We are not anchored to any ideological or historical approach to activism.
- Largely recycled responses and tactics from prior cycles are, in most cases, no longer effective.
- We have built a reputation with the leading players across the activism ecosystem (including the decision makers at leading proxy advisory firms and activists and their counsel) as the most thoughtful and creative practitioners in resolving activist situations.
We believe that clients benefit from a holistic approach to activism defense rather than as a niche silo practice.
- Our team incorporates relevant experience from many of Golden Flag’s market leading practices, including M&A, capital markets, ESG, litigation and restructuring.
- This approach better enables our clients to tailor their strategic and defense messaging to key market participants in a manner that credibly and persuasively speaks to the broader picture.
Experience
Select Experience Highlights
- Huntsman Corporation in its successful defense of a proxy contest by Starboard Value
- Constellation Brands in connection with cooperation and information sharing agreements with Elliott Management
- Lee Enterprises in its successful defense of a hostile takeover bid and attempted proxy contest by Alden Global Capital
- Bristol-Myers Squibb in its successful defense of its $90 billion acquisition of Celgene against opposition by Starboard and Wellington
- Controlling stockholder of World Wrestling Entertainment, Inc. (WWE), Vincent McMahon, on actions in support of a plan for WWE to undertake a review of strategic alternatives, including the election of Mr.

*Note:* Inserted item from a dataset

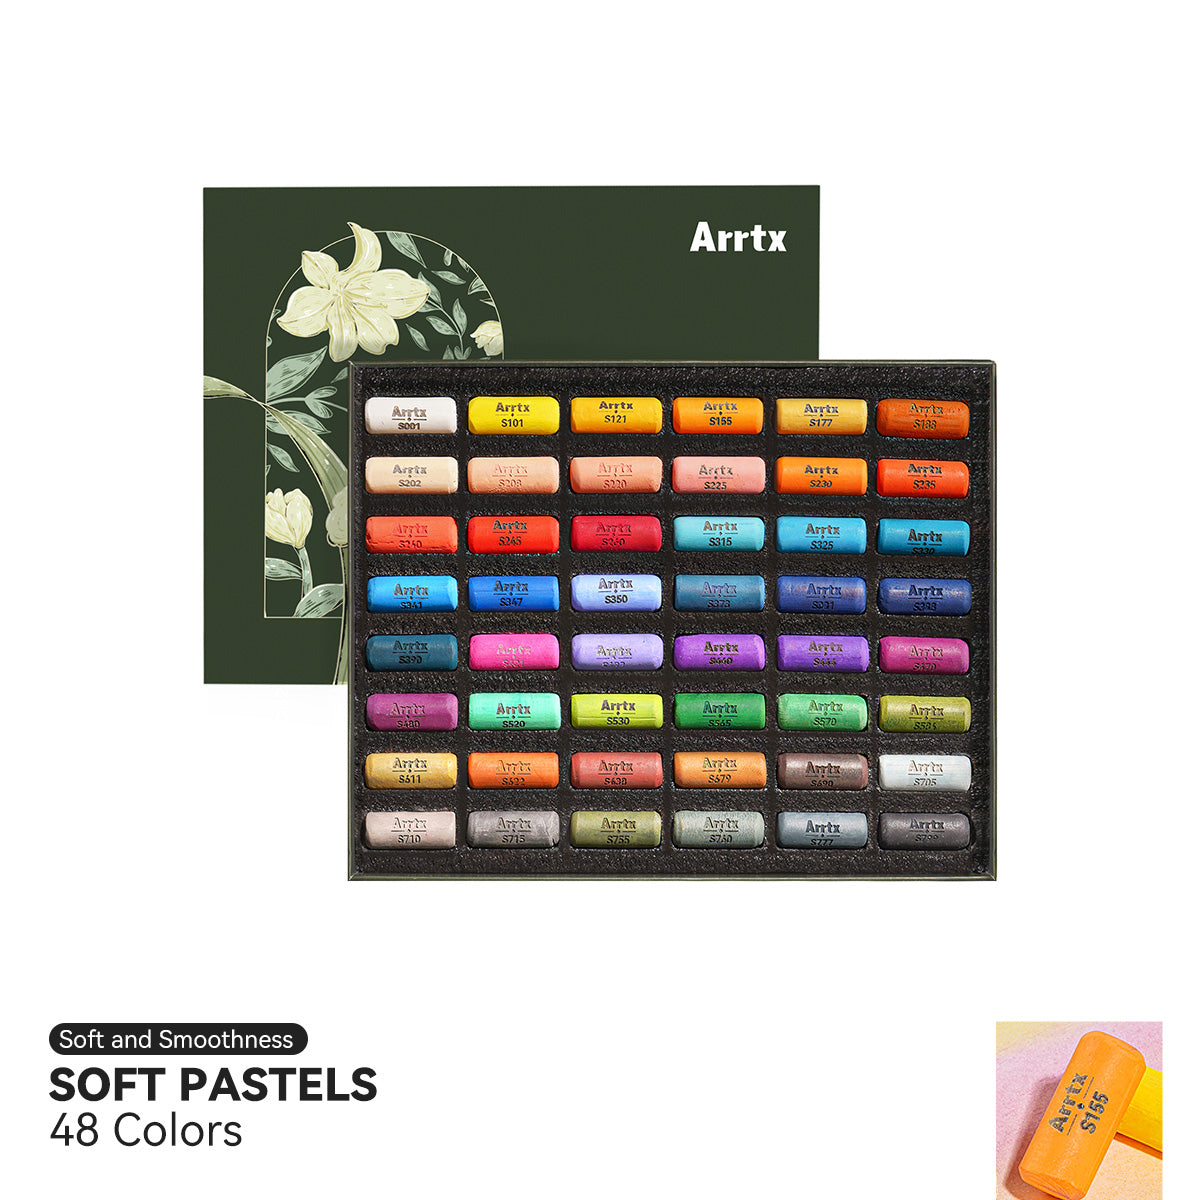 Arrtx Soft Pastels Art Supplies, 48 Assorted Colors Chalk Pastels Creamy  Soft and High Adhesion for Artist Beginners Traditional Art Creation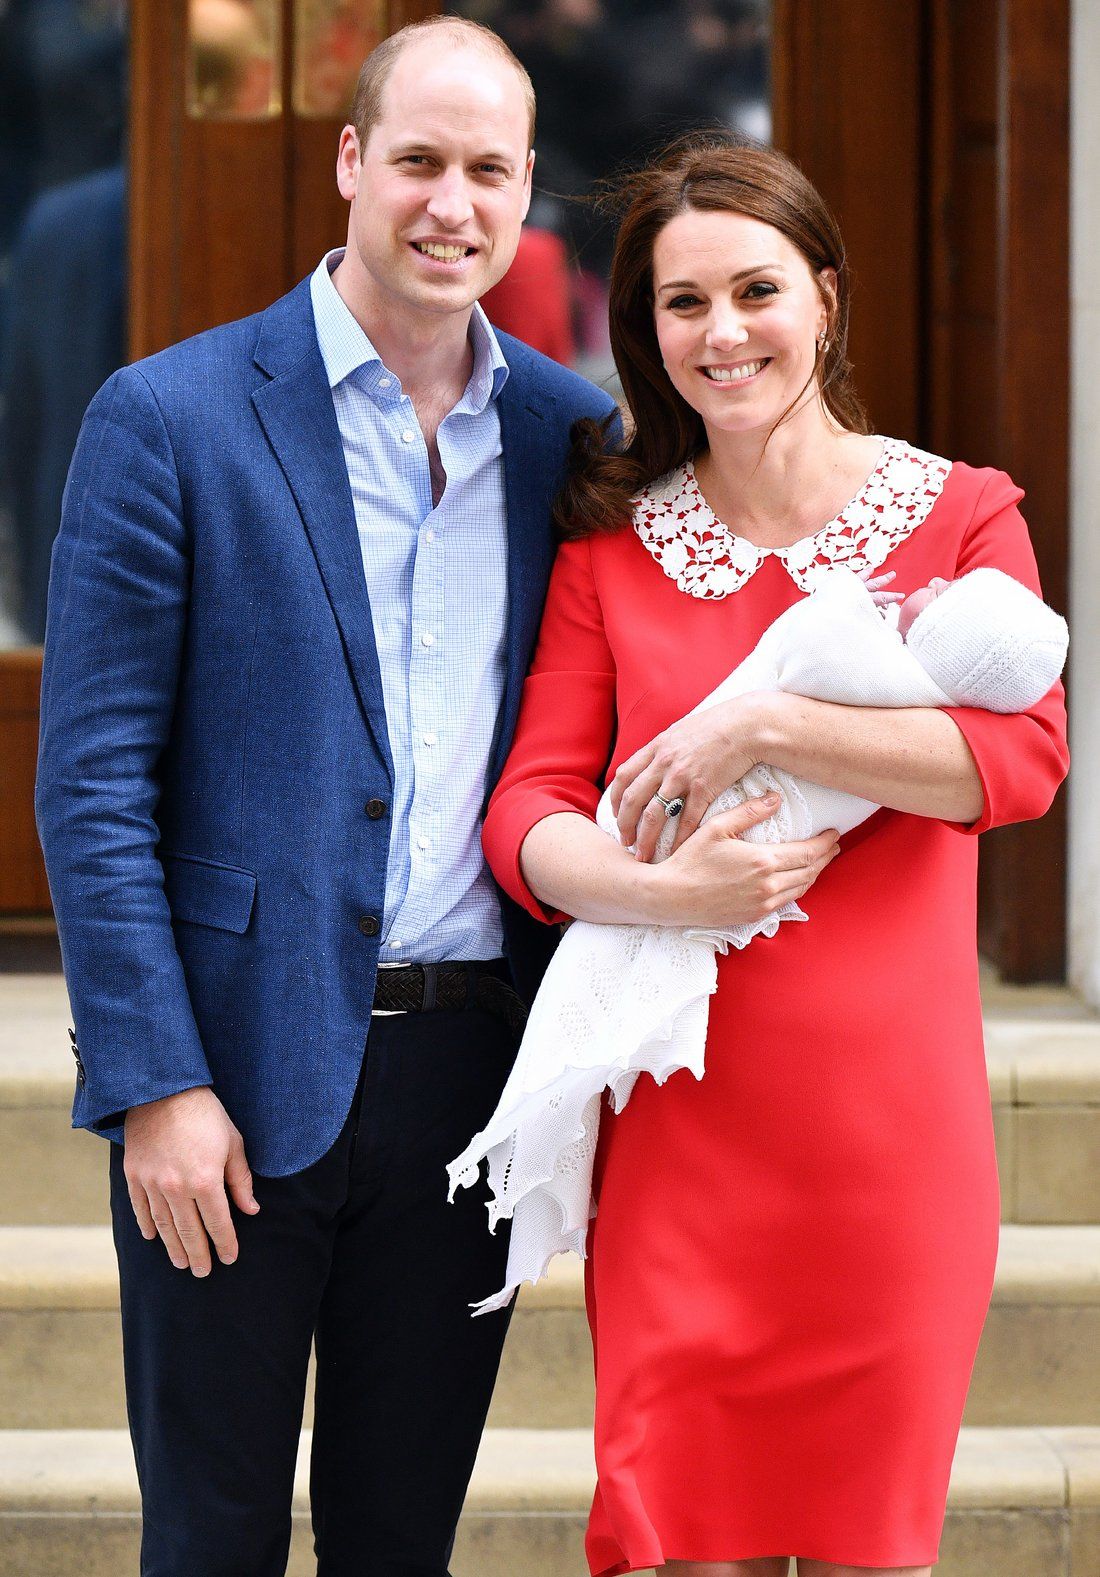 Prince William, Kate Middleton and their newborn son

McMahon and two others to the WWE board, and in the subsequent pending $21+ billion merger of WWE and UFC to form a global live sports and entertainment company
- AIM ImmunoTech in its successful defense of the first attempted proxy contest under the SEC’s universal proxy rules
- Nikola Corporation in response to fraud claims, an activist short attack by Hindenburg Research, related SEC and DOJ investigations, and CEO separation
- Wynn Resorts in its response to the “withhold-the-vote” campaign by Elaine Wynn and its agreement with Elaine Wynn regarding the composition of the Wynn Resorts board of directors
- Six Flags Entertainment Corporation in connection with its agreements with H Partners regarding the composition of the Six Flags board, shareholder activism by Land and Buildings and its CEO transition
Shareholder Activism Defense
- Heron Therapeutics in connection with a cooperation agreement with Rubric Capital and Velan Capital
- Sylvamo in connection with its cooperation agreement with Atlas Holdings
- Mueller Water Products in connection with its cooperation agreement with Ancora Holdings
- Travelport Worldwide Limited in response to shareholder activism by Elliott Management and in its $4.4 billion sale to Siris Capital and Elliott
- KVH Industries, Inc. in its successful defense against a proxy contest led by VIEX Capital
- Taubman Centers in connection with shareholder activism by Land and Buildings
- Del Frisco’s Restaurant Group, Inc. in its agreement with Engaged Capital regarding the composition of the board
- Avis Budget Group in its defense against multiple proxy contests by SRS Investment Management and an agreement with SRS regarding the composition of the Avis Budget Group board of directors
- Vitamin Shoppe in its defense against a full slate proxy contest by Vintage Capital, its agreements with Vintage Capital and Shah Capital regarding the composition of the Vitamin Shoppe board of directors, and its acquisition by Liberty Tax
- Daseke in connection with its cooperation agreements with Don Daseke and Lyons Capital regarding the composition of the Daseke board
- KVH Industries, Inc. in connection with its cooperation agreement with Vintage Capital Management, LLC regarding the composition of the KVH Industries board
- Tenneco Inc. in connection with its cooperation agreement with Protean Services LLC and Daniel A. Ninivaggi regarding the composition of the Tenneco board
- Lee Enterprises in response to the “withhold-the-vote” campaign by Cannell Capital
- Laredo Petroleum in connection with shareholder activism by SailingStone Capital Partners
- Xerox in its agreement with Carl Icahn and Darwin Deason regarding the composition of the Xerox board of directors
- CBL in its agreement with Exeter Capital regarding the composition of the CBL board of directors
Defense of Activist Challenges to M&A Transactions
- Thoma Bravo in its successful defense of its acquisition of Magnet Forensics against opposition by Nellore Capital Management
- Vista Equity Partners in its successful defense of its acquisition of Avalara against a proxy contest by Altair US, LLC
- Starwood Capital Group in its successful defense of its $6 billion joint acquisition, together with Blackstone Real Estate Partners, of Extended Stay America Inc. against a proxy contest by Tarsadia Capital
- Vista Equity Partners in its successful defense of its acquisition of Pluralsight against a proxy contest by Eminence Capital
- Thoma Bravo in its successful defense of its acquisition of Instructure against opposition by Praesidium and Rivulet Capital
- Callon Petroleum Company in its successful defense of its $3.2 billion acquisition of Carrizo Oil & Gas against opposition by Paulson & Co. Inc.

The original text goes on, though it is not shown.